AVX512-如何将所有设置的位右移? [英] AVX512 - How to move all set bits to the right?

问题描述

如何将屏蔽寄存器的所有设置位向右移动?(到最下面的最低位置).

How can I move all set bits of mask register to right? (To the bottom, least-significant position).

例如:

__mmask16 mask = _mm512_cmpeq_epi32_mask(vload, vlimit); // mask = 1101110111011101

如果将所有设置的位右移，则会得到: 1101110111011101->0000111111111111

If we move all set bits to the right, we will get: 1101110111011101 -> 0000111111111111

如何有效地做到这一点?

How can I achieve this efficiently?

下面您可以看到我如何尝试获得相同的结果，但是效率低下:

Below you can see how I tried to get the same result, but it's inefficient:

__mmask16 mask = 56797;
// mask: 1101110111011101
__m512i vbrdcast = _mm512_maskz_broadcastd_epi32(mask, _mm_set1_epi32(~0));
// vbrdcast: -1 0 -1 -1 -1 0 -1 -1 -1 0 -1 -1 -1 0 -1 -1
__m512i vcompress = _mm512_maskz_compress_epi32(mask, vbrdcast);
// vcompress:-1 -1 -1 -1 -1 -1 -1 -1 -1 -1 -1 -1 0 0 0 0 
__mmask16 right_packed_mask =   _mm512_movepi32_mask(vcompress);   
// right_packed_mask: 0000111111111111                         

做到这一点的最佳方法是什么?

What is the best way to do this?

推荐答案

BMI2 pext 是 v [p] compressed/q/ps/pd .
用它在您的遮罩值上将其左包装到值的底部.

BMI2 pext is the scalar bitwise equivalent of v[p]compressd/q/ps/pd.
Use it on your mask value to left-pack them to the bottom of the value.

  mask = _pext_u32(-1U, mask);    // or _pext_u64(-1ULL, mask64)  for __mmask64
// costs 3 asm instructions (kmov + pext + kmov) if you need to use the result as a mask
// not including putting -1 in a register.

__ mmask16(在GCC中也称为uint16_t)和uint32_t之间的隐式转换有效.
如果愿意，可以使用 _cvtu32_mask16 和 _cvtu32_mask16 明确显示KMOVW.

Implicit conversion between __mmask16 (aka uint16_t in GCC) and uint32_t works.
Use _cvtu32_mask16 and _cvtu32_mask16 to make the KMOVW explicit if you like.

请参见如何取消设置N个最右边的设置位有关以这种方式使用pext/pdep的更多信息.

See How to unset N right-most set bits for more about using pext/pdep in ways like this.

当前所有装有AVX-512的CPU都具有快速的BMI2 pext (包括Xeon Phi)，其性能与popcnt相同，但是如果AMD引入AVX-512个CPU.对于AMD，您可能需要
(1ULL<< __ builtin_popcount(mask))-1 ，因为pext/pdep在当前的AMD上非常慢.

All current CPUs with AVX-512 also have fast BMI2 pext (including Xeon Phi), same performance as popcnt, although that may change if AMD ever introduces AVX-512 CPUs.
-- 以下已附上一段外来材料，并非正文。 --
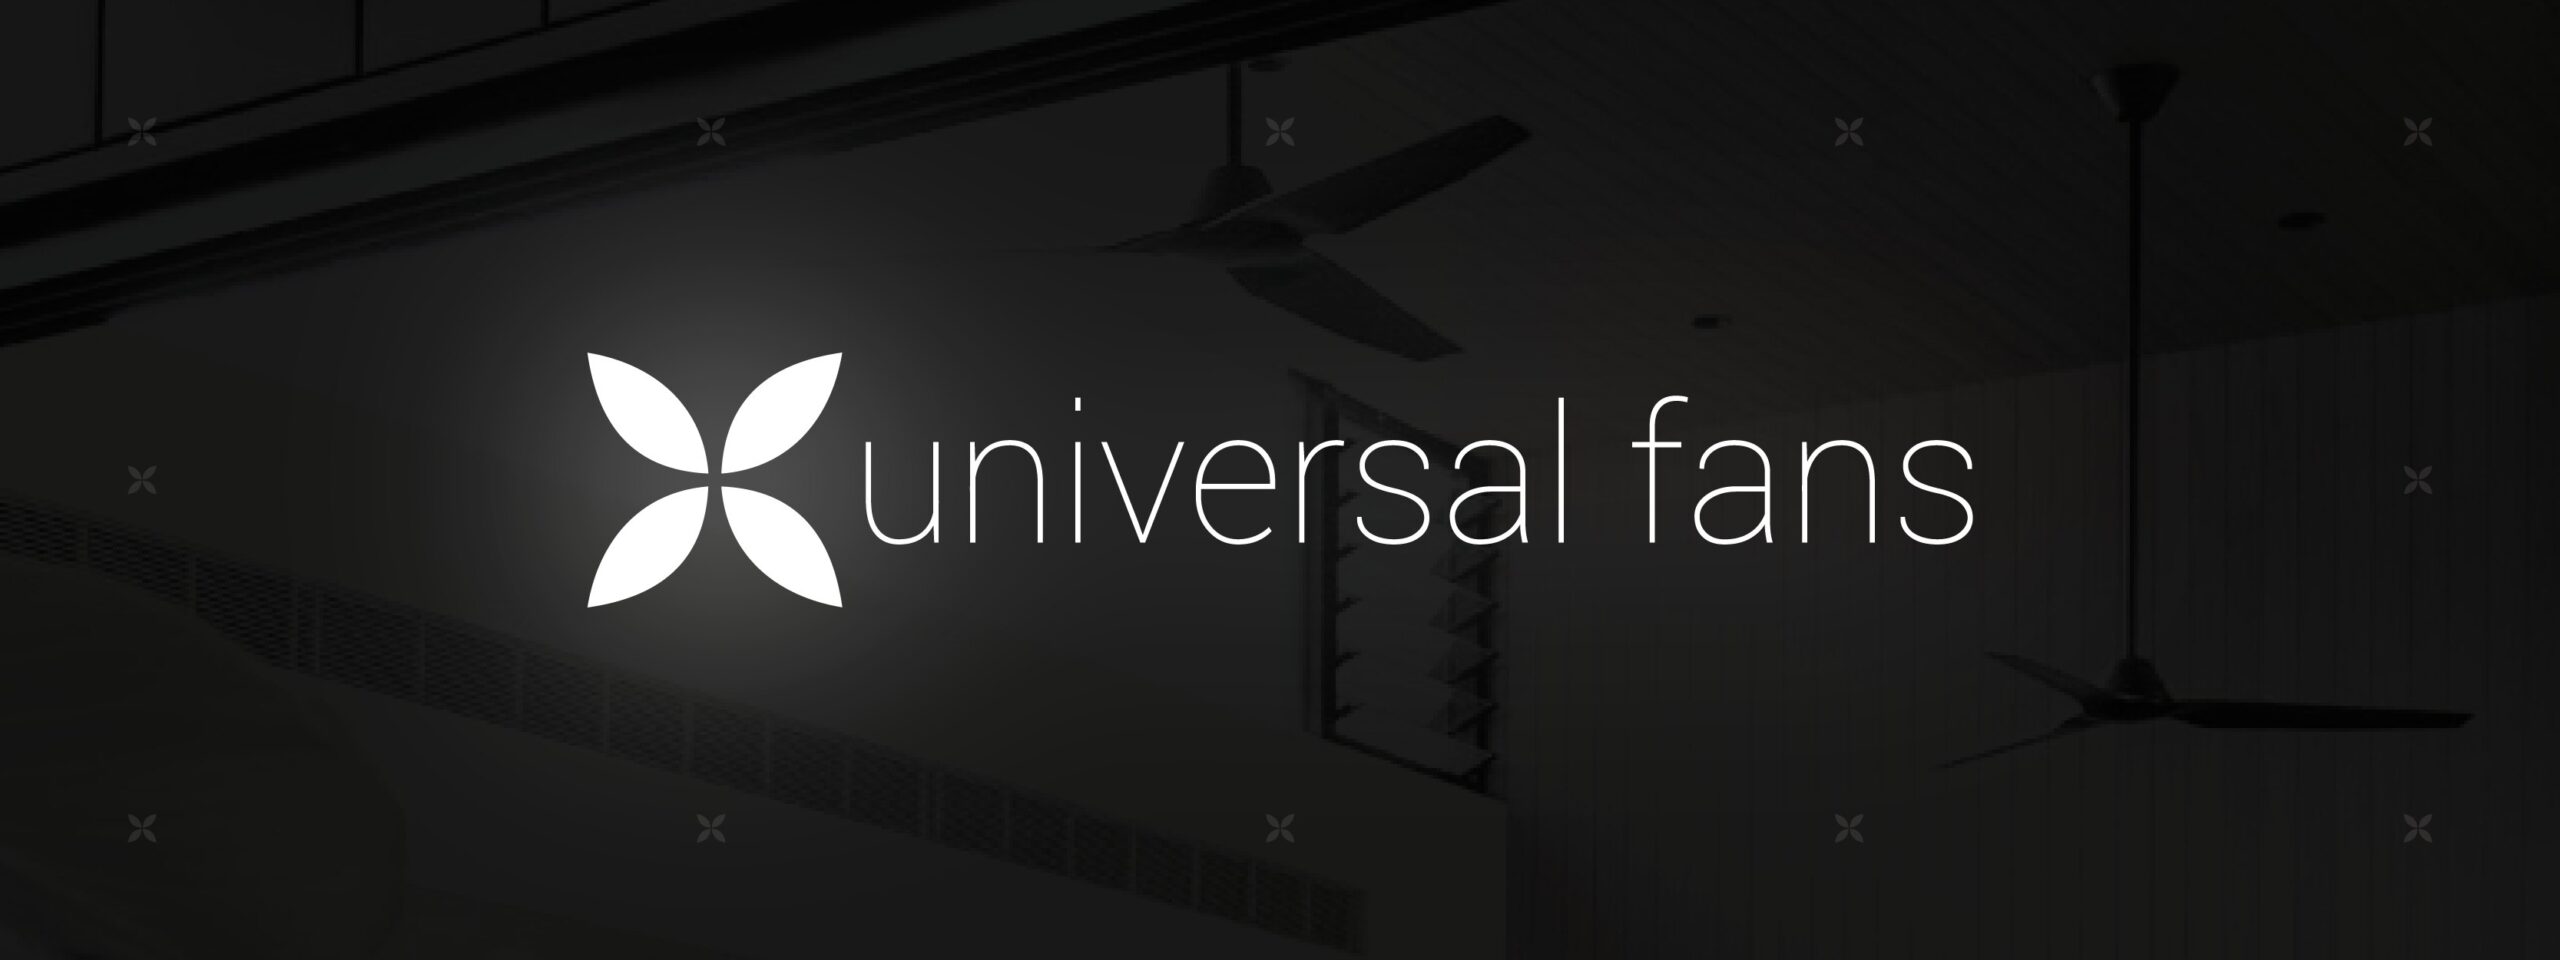 universal fans banner
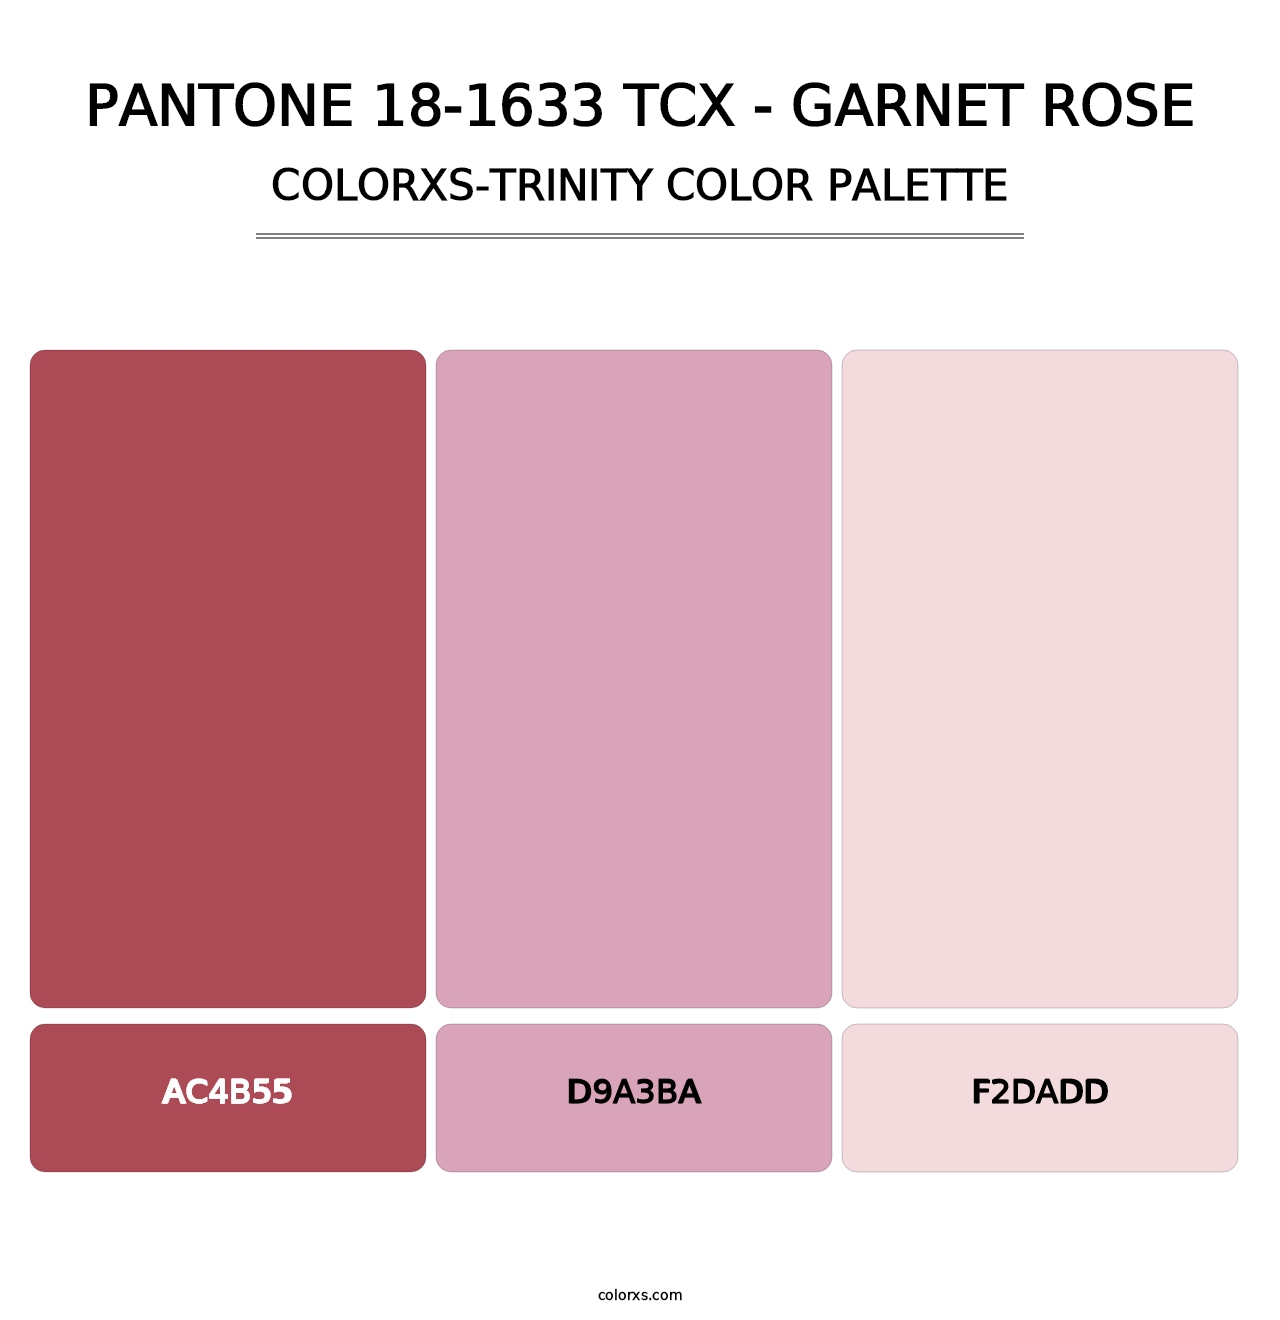 PANTONE 18-1633 TCX - Garnet Rose - Colorxs Trinity Palette

For AMD you might want
(1ULL << __builtin_popcount(mask)) - 1 because pext/pdep are very slow on current AMD.

如果要使用 vpcompressed ，请注意，源向量可以简单地是全为 _mm512_set1_epi32(-1)；compress并不关心遮罩为零的元素，它们不必已经为零.

If you were going to use vpcompressd, note that the source vector can simply be all-ones _mm512_set1_epi32(-1); compress doesn't care about elements where the mask was zero, they don't need to already be zero.

(打包的 -1 没关系；一旦使用布尔值， true之间就没有区别与位于其中的常量 true 相比，您生成的费用更低，而且不依赖于输入掩码. pext ，为什么可以使用 -1U 代替 pdep 作为源数据，即 -1 或置位位没有身份；它与任何其他 -1 或设置的位相同).

(It doesn't matter which -1s you pack; once you're working with boolean values, there's no difference between a true that came from your original bitmask vs. a constant true that was just sitting there which you generated more cheaply, without a dependency on your input mask. Same reasoning applies for pext, why you can use -1U as the source data instead of a pdep. i.e. a -1 or set bit doesn't have an identity; it's the same as any other -1 or set bit).

因此，让我们尝试两种方式，看看asm的优缺点.

So let's try both ways and see how good/bad the asm is.

inline
__mmask16 leftpack_k(__mmask16 mask){
    return _pdep_u32(-1U, mask);
}

inline
__mmask16 leftpack_comp(__mmask16 mask) {
    __m512i v = _mm512_maskz_compress_epi32(mask, _mm512_set1_epi32(-1));
    return _mm512_movepi32_mask(v);
}

查看这些文件的独立版本没有用，因为 __ mmask16 是 unsigned short 的typedef，因此在整数寄存器中传递/返回，而不是在 k 寄存器.当然，这使 pext 版本看起来非常好，但是我们想看看它如何内联到我们使用AVX-512内在函数生成和使用掩码的情况下.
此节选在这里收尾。